Second, a growing share of companies report a net loss for accounting purposes, making it complicated for investors to analyse their true value. To price a loss-making firm, shareholders need a way to accurately assess the cost structure, and a big proportion of that is going to be labor cost.

“If we provide investors with detailed disclosure on the employee turnover rate and how much they invest in training and development, that will allow them to make the calculation on their own,” Taylor said.

“If we provide investors with detailed disclosure on the employee turnover rate and how much they invest in training and development, that will allow them to make the calculation on their own.”— Daniel Taylor

Three Rules to Help Investors

Taylor proposes three simple disclosure rules that would improve market pricing for publicly listed firms, while staying within the existing GAAP framework. First, managers should be required to spell out what proportion of workforce costs they consider to be an investment in the company’s future growth.

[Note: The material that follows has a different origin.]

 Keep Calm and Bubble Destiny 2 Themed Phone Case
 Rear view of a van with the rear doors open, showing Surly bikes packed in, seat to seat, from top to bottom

Second, those workforce costs should be treated as a stand-alone item, disaggregated from other “administrative expenses.” That would stop companies being “punished by investors,” Taylor said, for perceived overspending that ultimately reduces net profit. Conversely, he said, “investments in human capital can finally be rewarded by the capital markets.”

Third, he proposes that labor costs are disaggregated in income statements, to show how much they contribute to major expenses.

Taken together, Cappelli said these changes to disclosure rules could lead to companies seeing human capital as a source of competitive advantage, weeding out problems such as high turnover costs and emphasizing good practices, such as investments in training (which studies show leads to higher profitability).

In the absence of such rules, companies may be left to cost-saving measures such as gutting their workforce and relying more on temporary “leased employees.” Cappelli’s own research has shown that using these temporary workers hits productivity, because they are less knowledgeable and committed than regular employees, while also costing firms more in agency fees.

Moreover, he said that spending on training and development has fallen in recent decades, contributing to the current staffing problems inside companies. One consequence is that large companies fill about 70% of their vacancies with outside hires, at a great cost. These external hires are up to 20% more expensive than those promoted from within. They also have substantially lower performance in the first two years on the job, and they have higher exit rates, too.

Clearly, there is a need to rethink current HR practices that are hurting firms, Cappelli said. But current disclosure rules lead companies to “make business decisions which don’t make much sense,” he noted.